Stages of AS were defined as:

• Stage 0: Microhematuria without microalbuminuria
• Stage I: Microalbuminuria: 30–300 mg albumin/g creatinine (gCrea)
• Stage II: Proteinuria: >300 mg albumin/gCrea

Written informed consent was obtained from all legal representatives and from all patients, who were six years old or older. Children were either randomized, treated with Ramipril or placebo, or openly treated with Ramipril. Children needed to be untreated with an ACEi and to be in stages 0 or I of disease to qualify for randomization. ACEi-pretreated children, children on stage II of disease or those for whom legal representatives denied randomization could be openly treated with Ramipril.

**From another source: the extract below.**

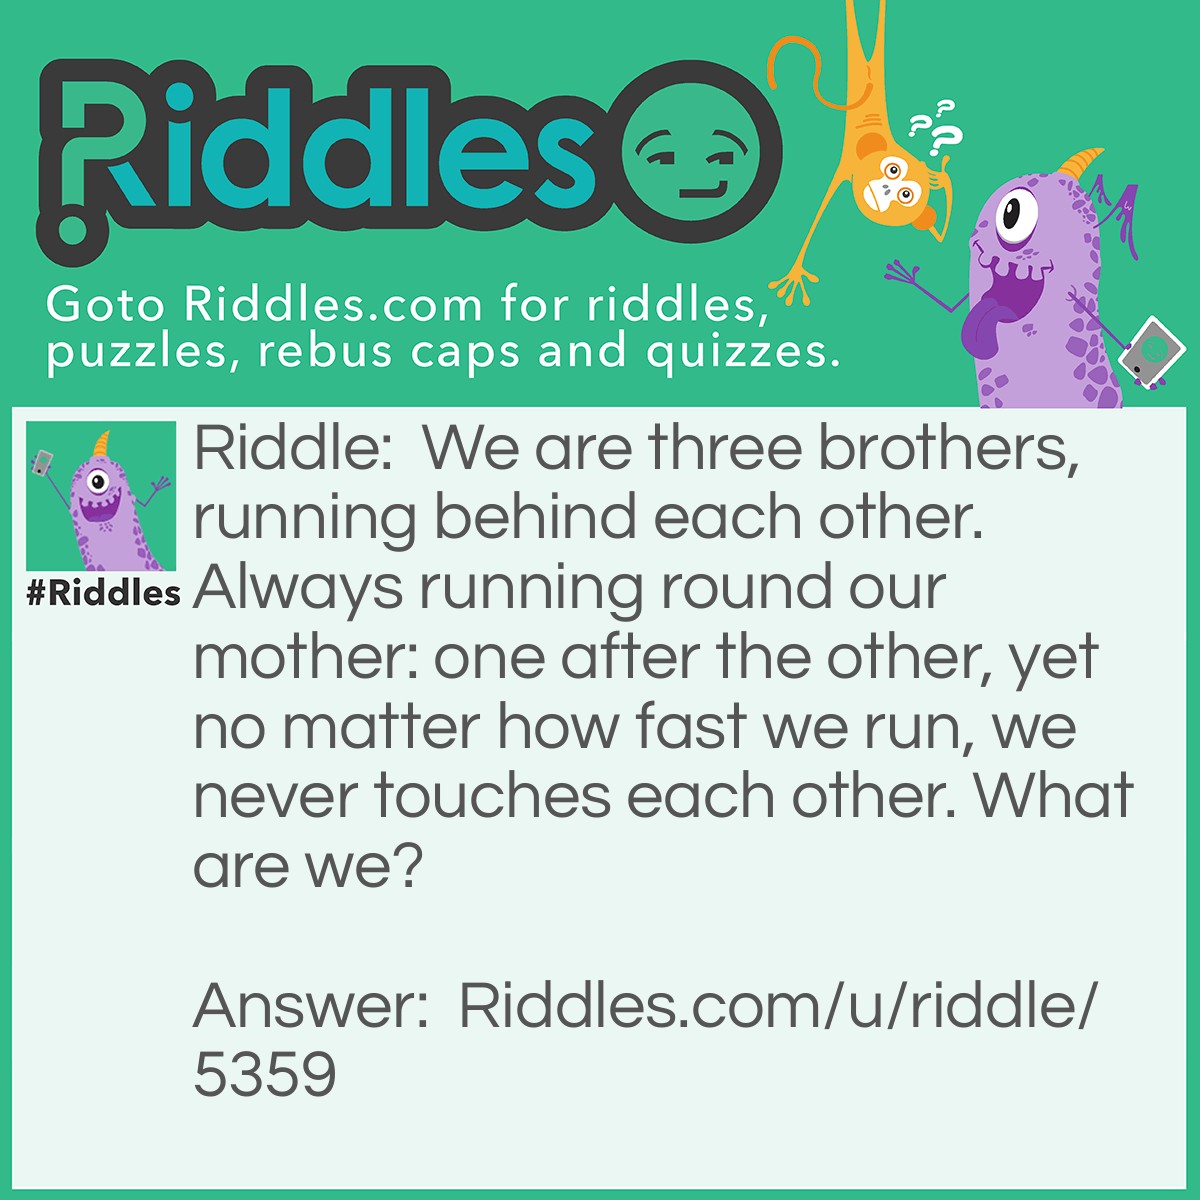 Riddle: We are three brothers, running behind each other. Always running round our mother: one after the other, yet no matter how fast we run, we never touches each other. What are we? Answer: Fan blades.
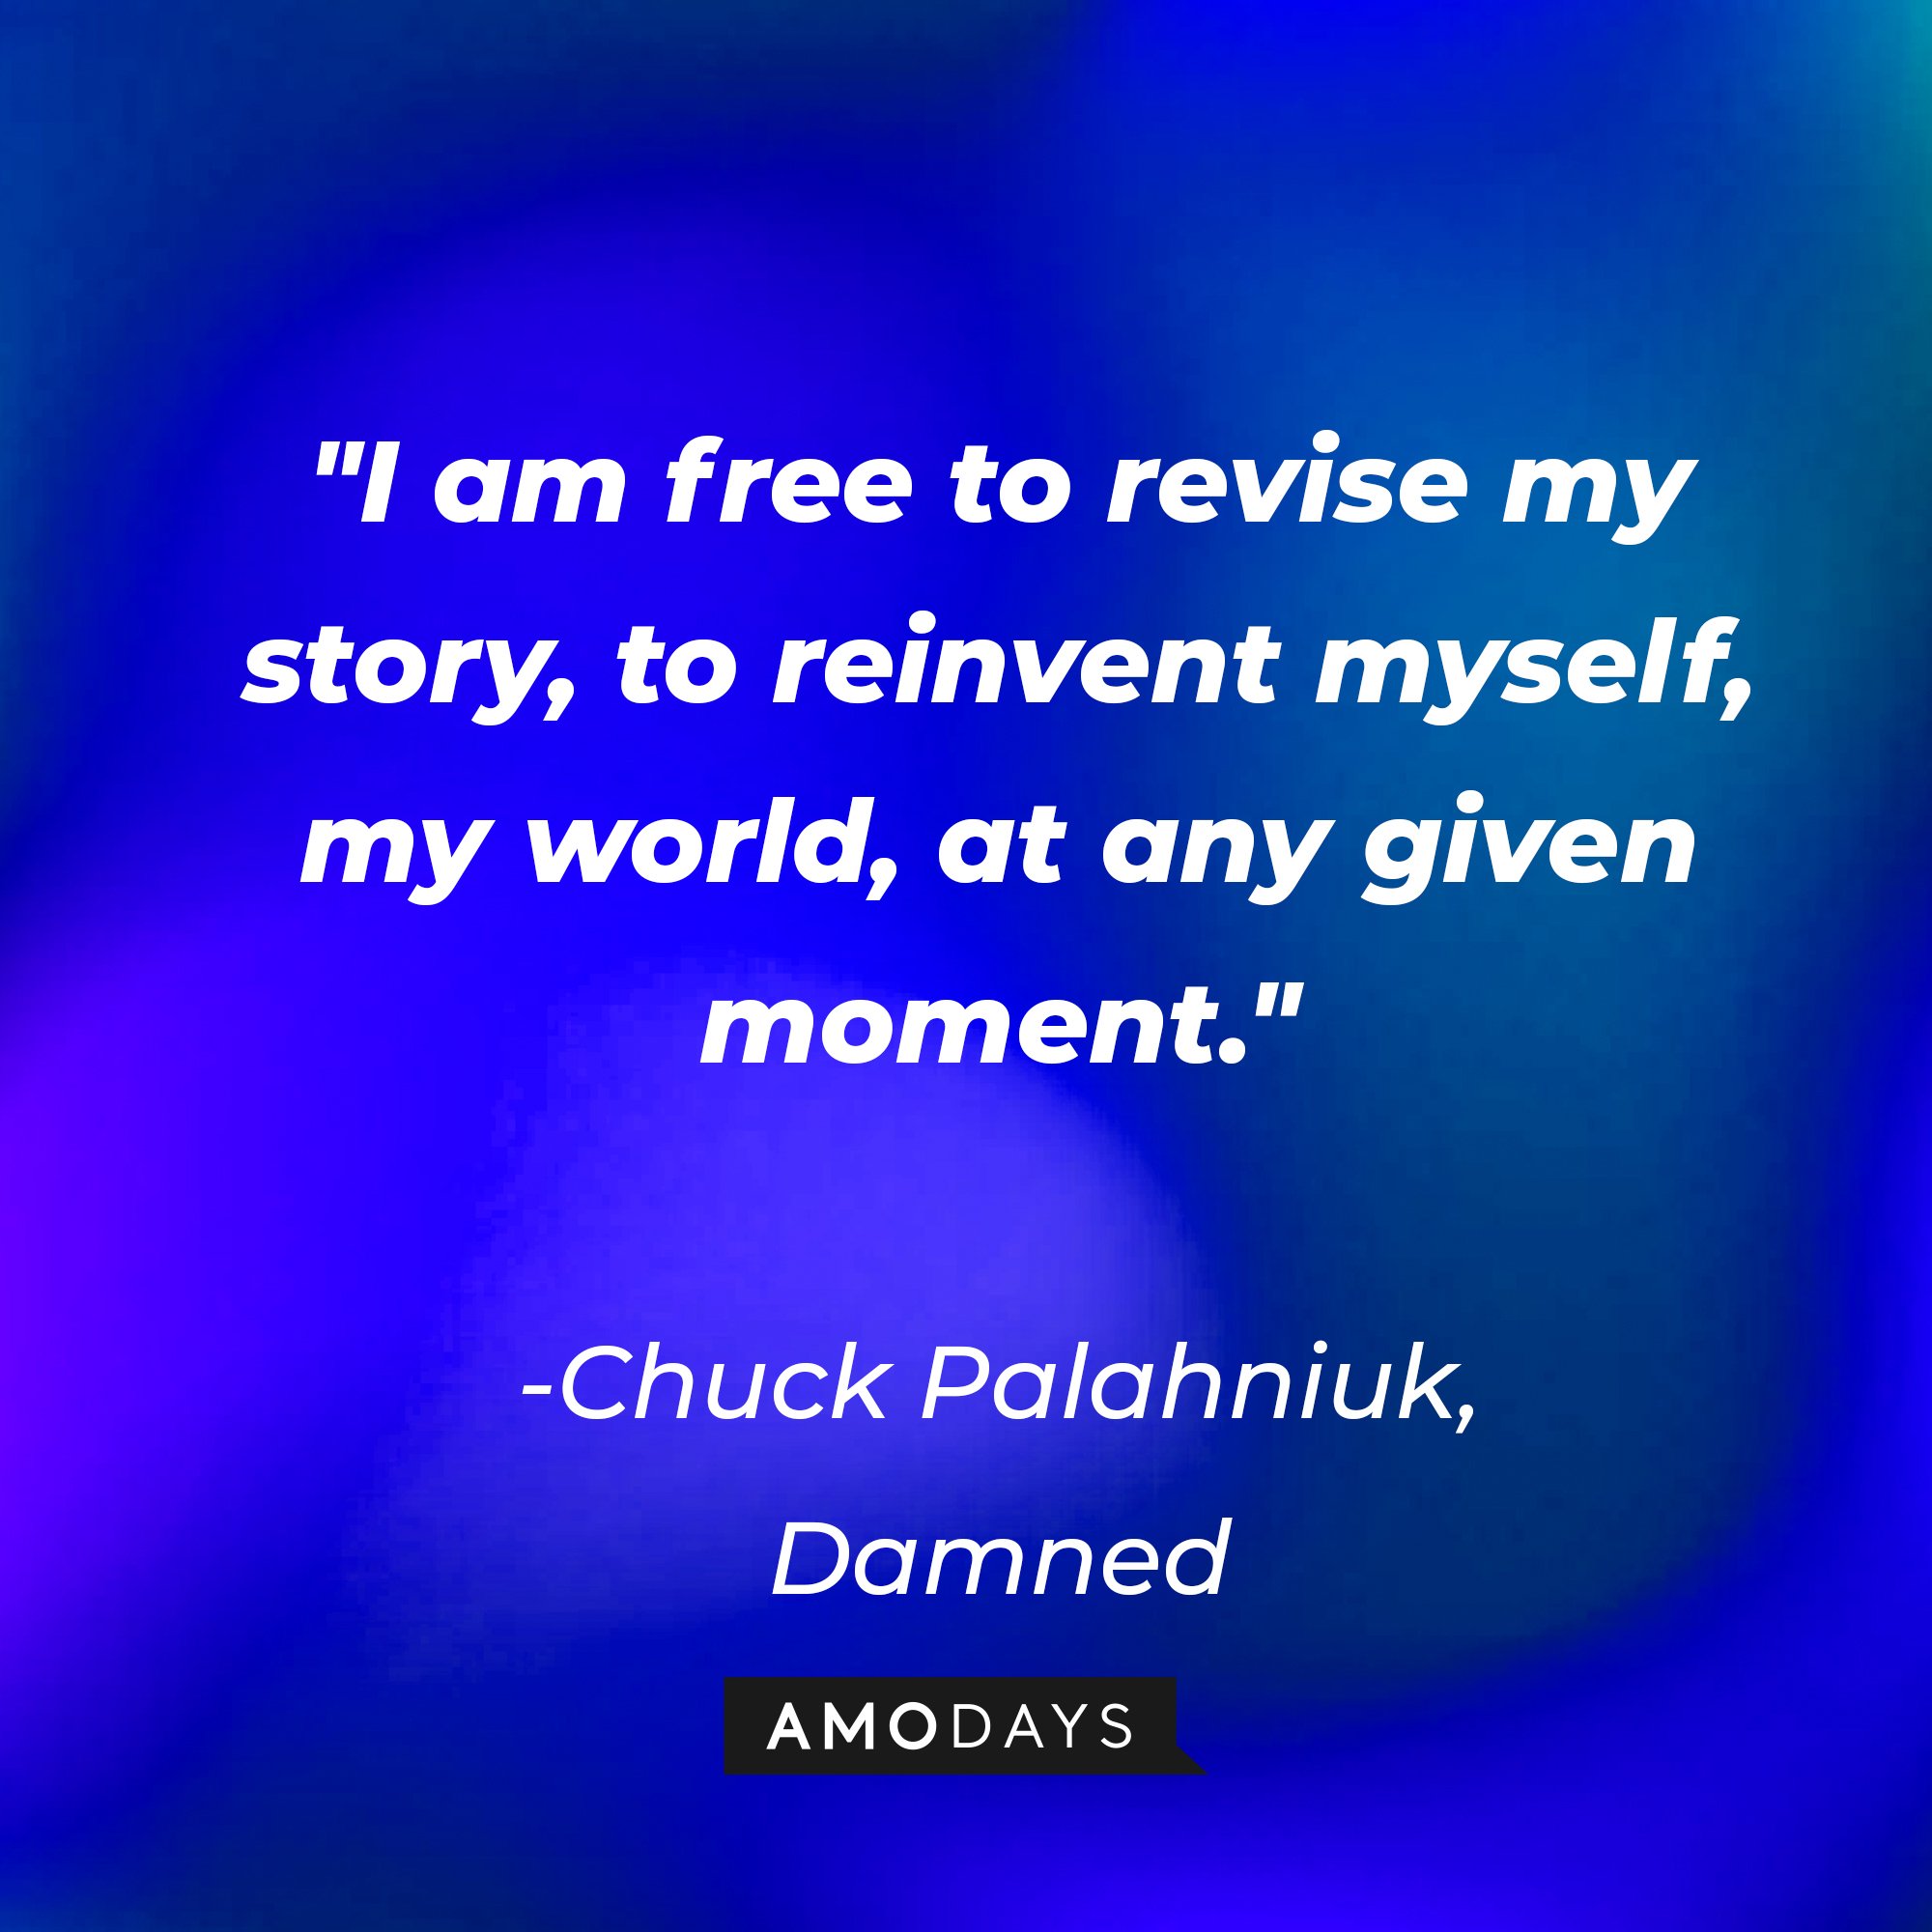 Chuck Palahniuk's quote: "I am free to revise my story, to reinvent myself, my world, at any given moment." | Image: Amodays

During the trial, clinical information about the patient and the medical history of the family were collected using a standardized questionnaire. Family history was considered positive when a family member mentioned any symptoms of hearing loss. All collected data were pseudonymized.

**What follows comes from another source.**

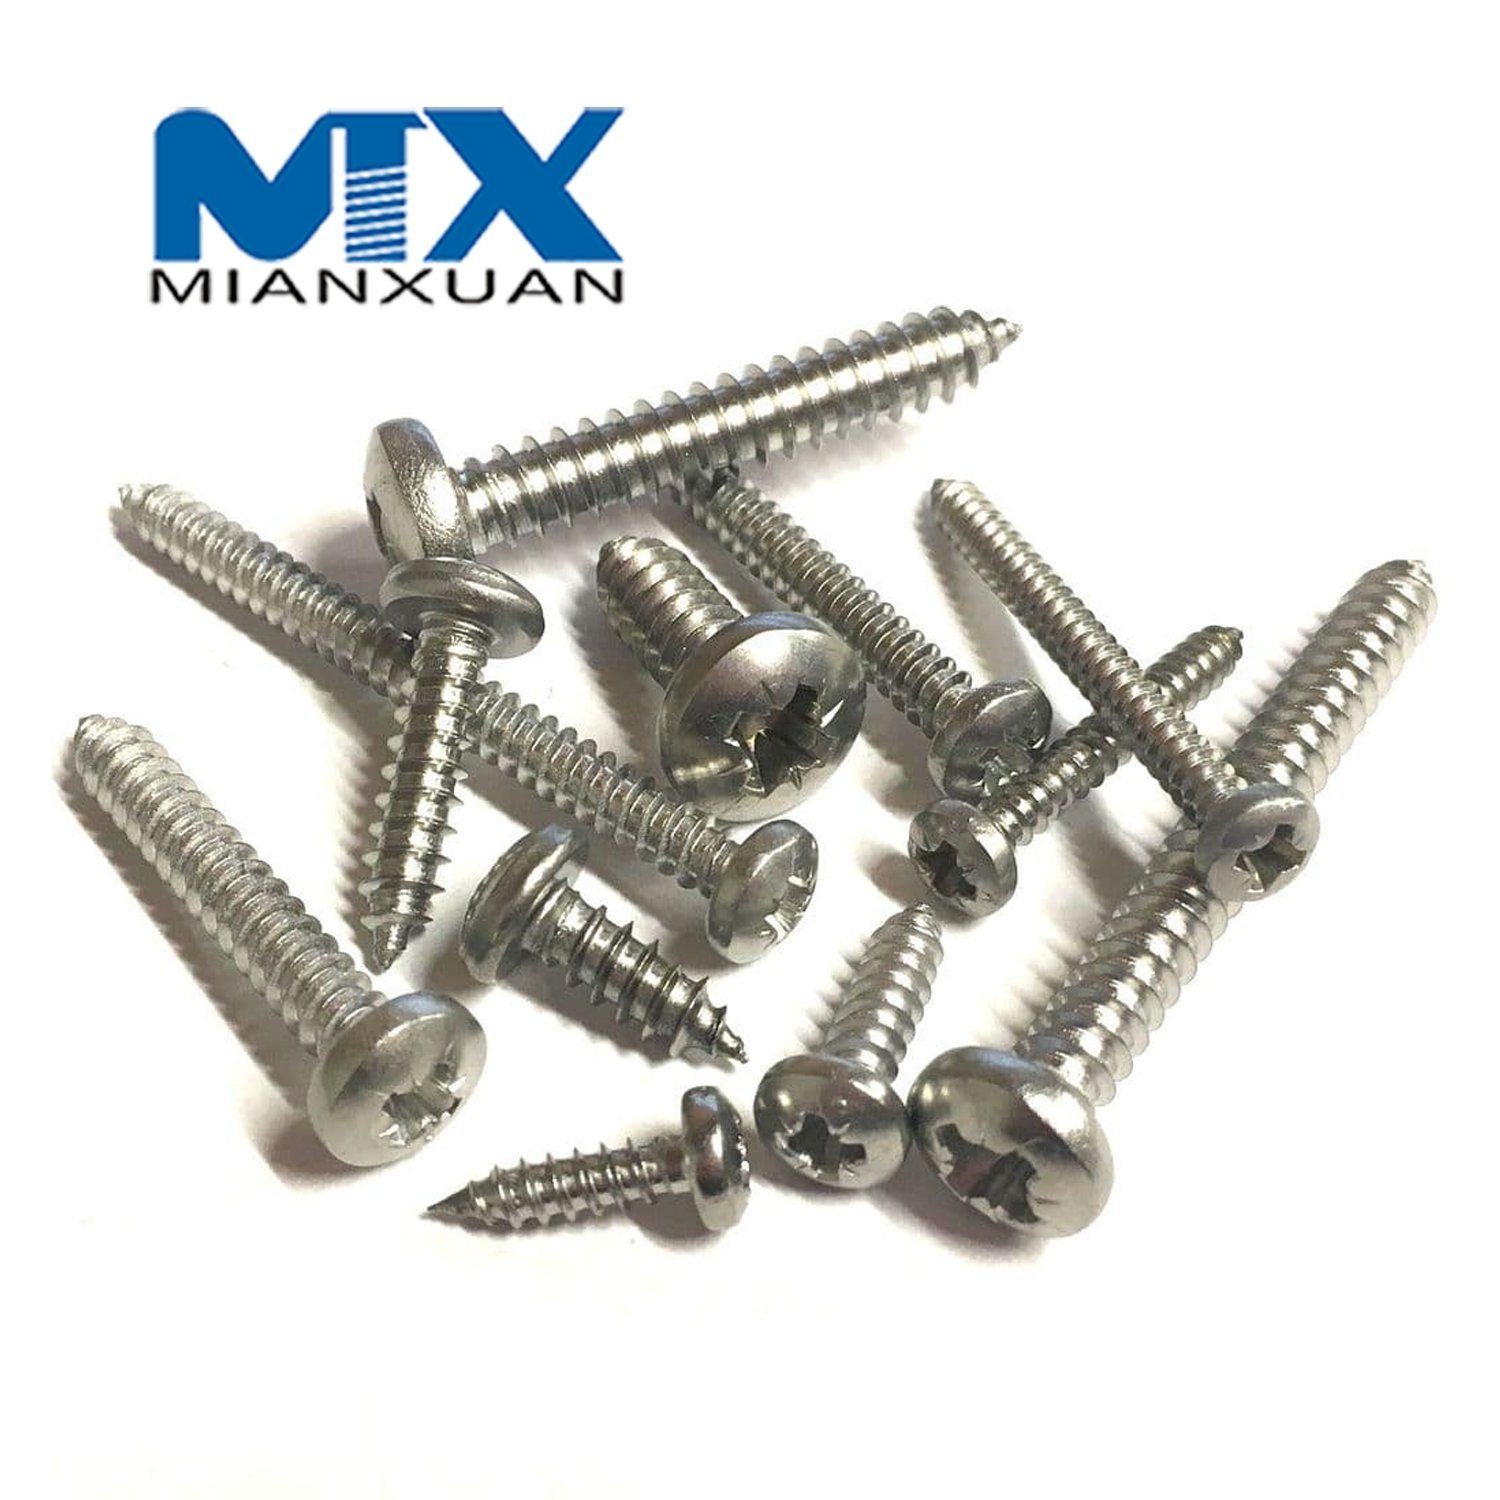 Yb845 Screw Stainless Steel Standard Manufacturer A2 A4 18-8

In 51 of 66 patients, additional data regarding hearing function was obtained from medical reports from specialists in pediatric audiology or otolaryngology, including medical history and audiograms. The data regarding hearing function was collected in the context of regular patient care (hearing test every three years recommended). A pre-existing diagnosis reported in the medical history or an audiogram with a 4PTA > 25 dB of the better ear was classified as hearing loss. In 38 of 51 children, one or several audiograms were available. Genetic testing for the underlying Alport variant was performed in all children included in this present study.

4.2. Audiograms

The 4PTA of the better ear was used to classify hearing loss according to the WHO criteria (1997) into mild (26–40 dB hearing loss (HL)), moderate (41–60 dB HL), severe (61–80 dB HL) and profound (>81 dB HL). The audiogram curves were divided into flat-type, trough-type and plateau-type configurations [20,21]. The frequencies of the audiograms were divided into low (0.125, 0.25 and 0.5 kHz), middle (1, 2 and 3 kHz), middle-high (2, 3 and 4 kHz) and high (4, 6 and 8 kHz) frequency regions. 4-Pure tone average (4PTA) was calculated as the mean hearing loss of the frequencies 0.5, 1, 2 and 4 kHz. Air conduction thresholds were used for analysis, unless an air-bone gap ≥10 dB in two neighboring frequencies indicated additional conductive hearing loss. In these cases, bone-conduction thresholds were used. Hearing loss was considered symmetrical if the difference in the same frequency between right and left ear was less than 15 dB [21]. To correlate hearing function with kidney function, each audiogram was matched with albuminuria values obtained within six months from the audiogram.

5. Conclusions

Our long-term follow up data originating from a clinical trial confirm that inner ear deafness in children is a very important early sign of AS, which can also be considered to be prognostic factor for progressive kidney disease. Patients with Alport syndrome should have audiometric check-ups to ensure adequate early treatment with hearing aids, and check-ups should start just before elementary school age. In a child with hearing loss and hematuria, genetic testing should exclude or diagnose AS as underlying disease. Future studies should place a special focus on the sociocultural burden and pathogenesis of hearing loss in children with AS, which limits the quality of life before the actual kidney problems show up.